Сначала никто ничего не понял. Говорили про какой-то вирус в Сибири, про таяние вечной мерзлоты, про вспышку неизвестной инфекции в одной из лабораторий. Илья чистил картошку на кухне и слушал краем уха. «Очередная свинячка, — думал он. — Сейчас нагонят паники, запретят выезд, а через месяц окажется, что всё было зря». Илья тогда хмыкнул и сказал себе: «Березин, ты как тот прапорщик, который не верил, что над частью НЛО видели, пока ему лично по голове не прилетело».

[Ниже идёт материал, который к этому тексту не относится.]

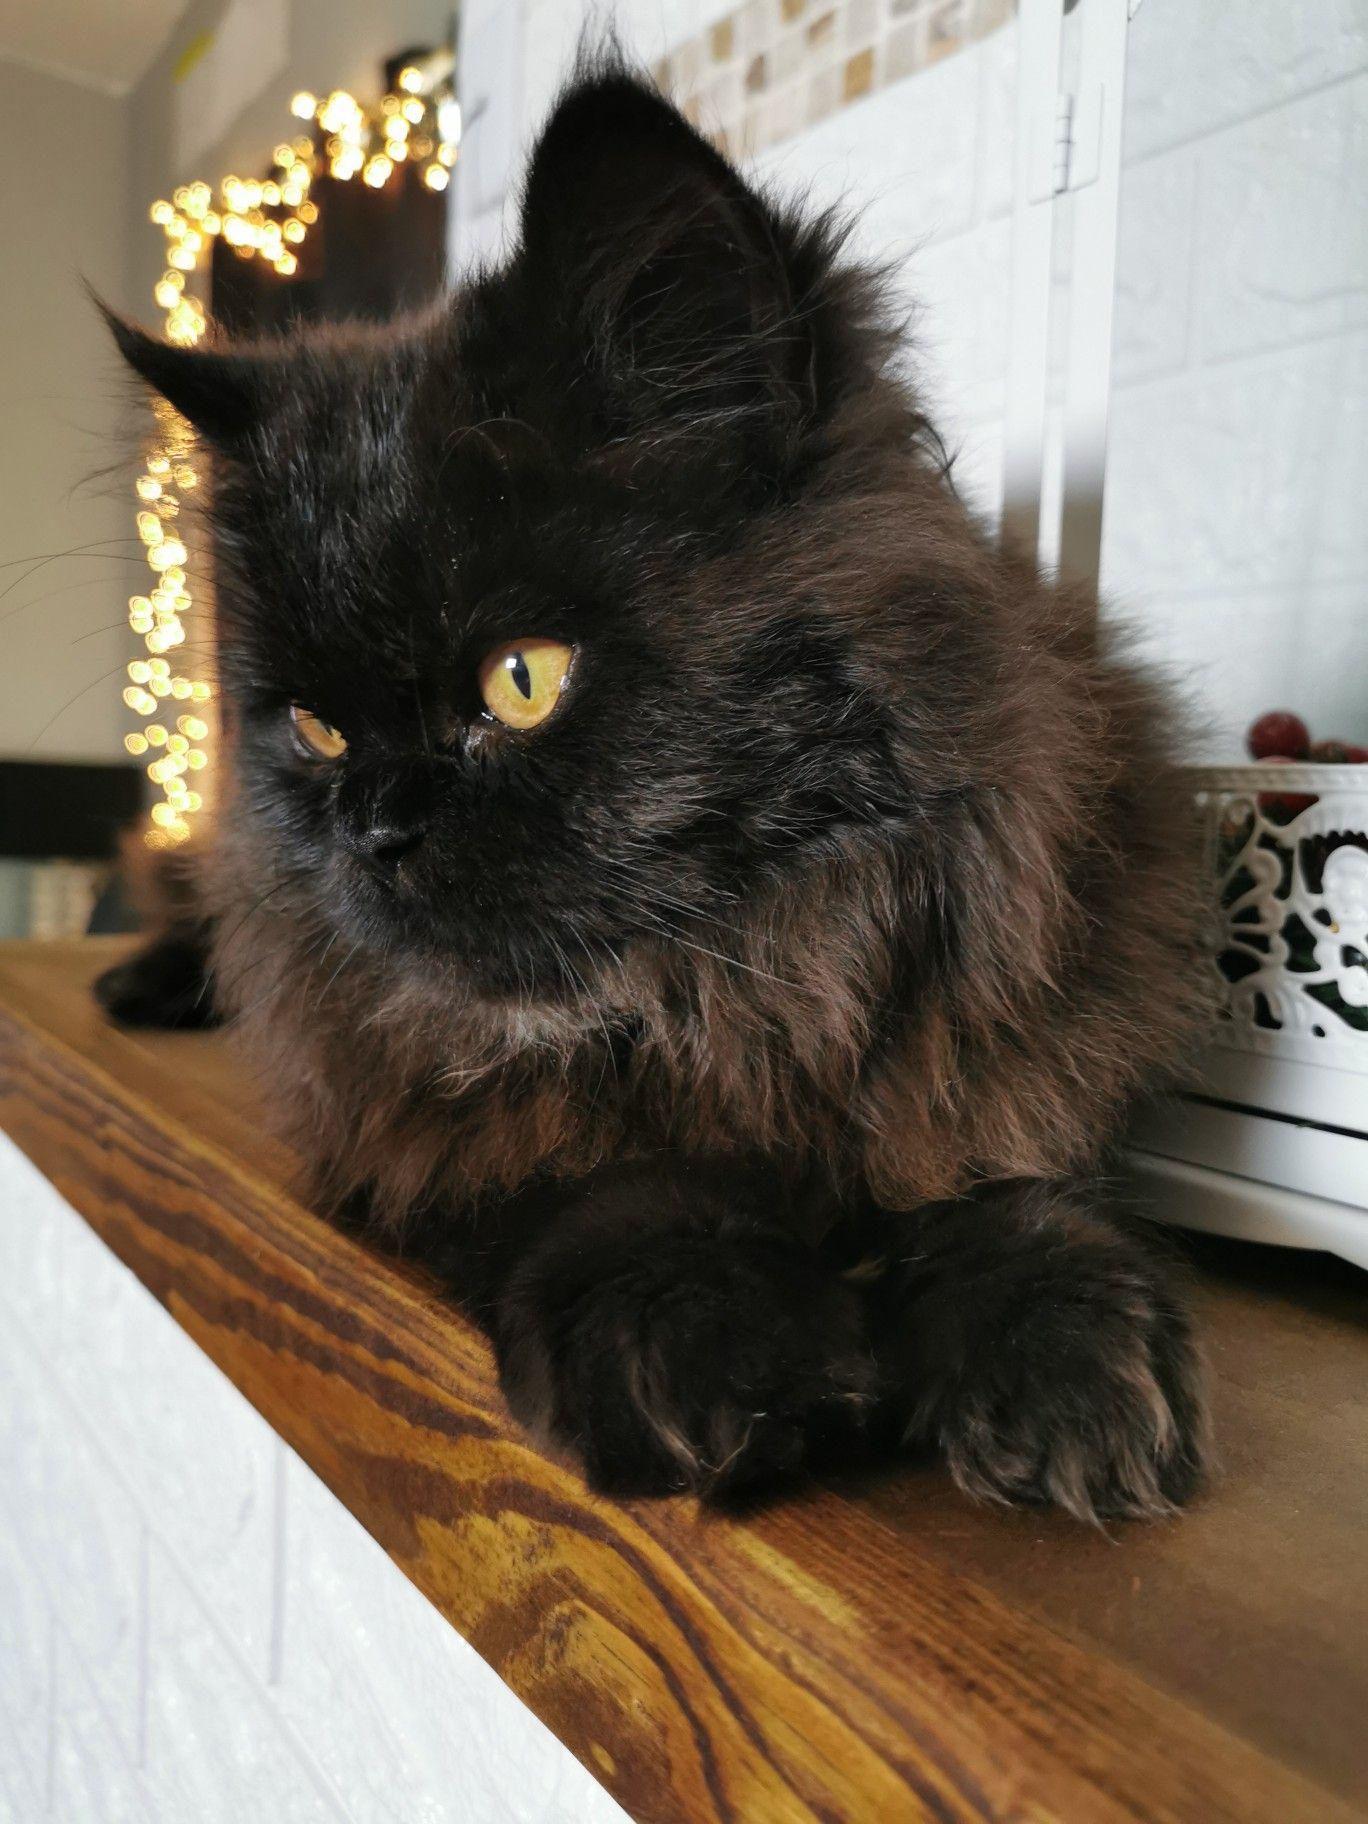 Gato persa color chocolate #rengartheinstacat #rengar #kittens #gatitos #persiancat #persiancatstagram #persiancats #persiancatlovers #gatospersas #gatospersa #gatos #gatosmonterrey #gatosmexico #persacat #gatosdeinstagram #catsofinstagram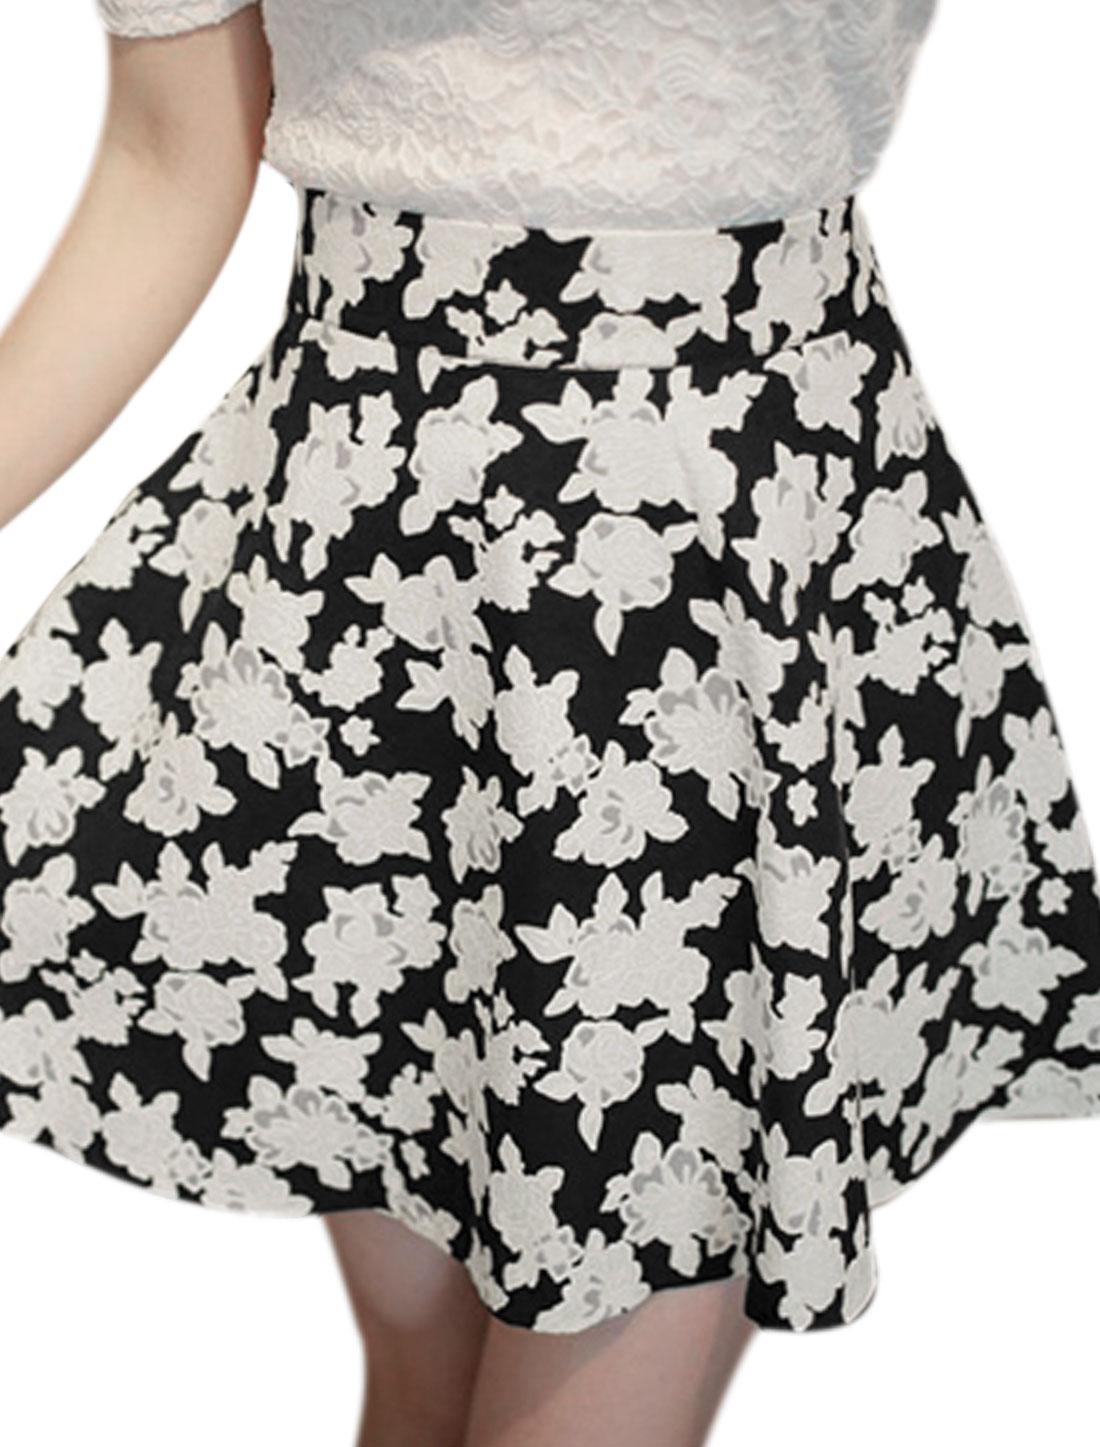 Lady's Floral Prints Lined Hidden Zipper Side High Waist Mini Skirt Black White S

На третий день после первого репортажа в их деревне умерла баба Нюра с соседней улицы. Говорили, замёрзла насмерть в собственном доме при плюс двадцати. Илья тогда хмыкнул: «Бред». Он знал бабу Нюру — крепкая была старуха, боевая, сама картошку копала до прошлого года. Не могла она замёрзнуть в августе.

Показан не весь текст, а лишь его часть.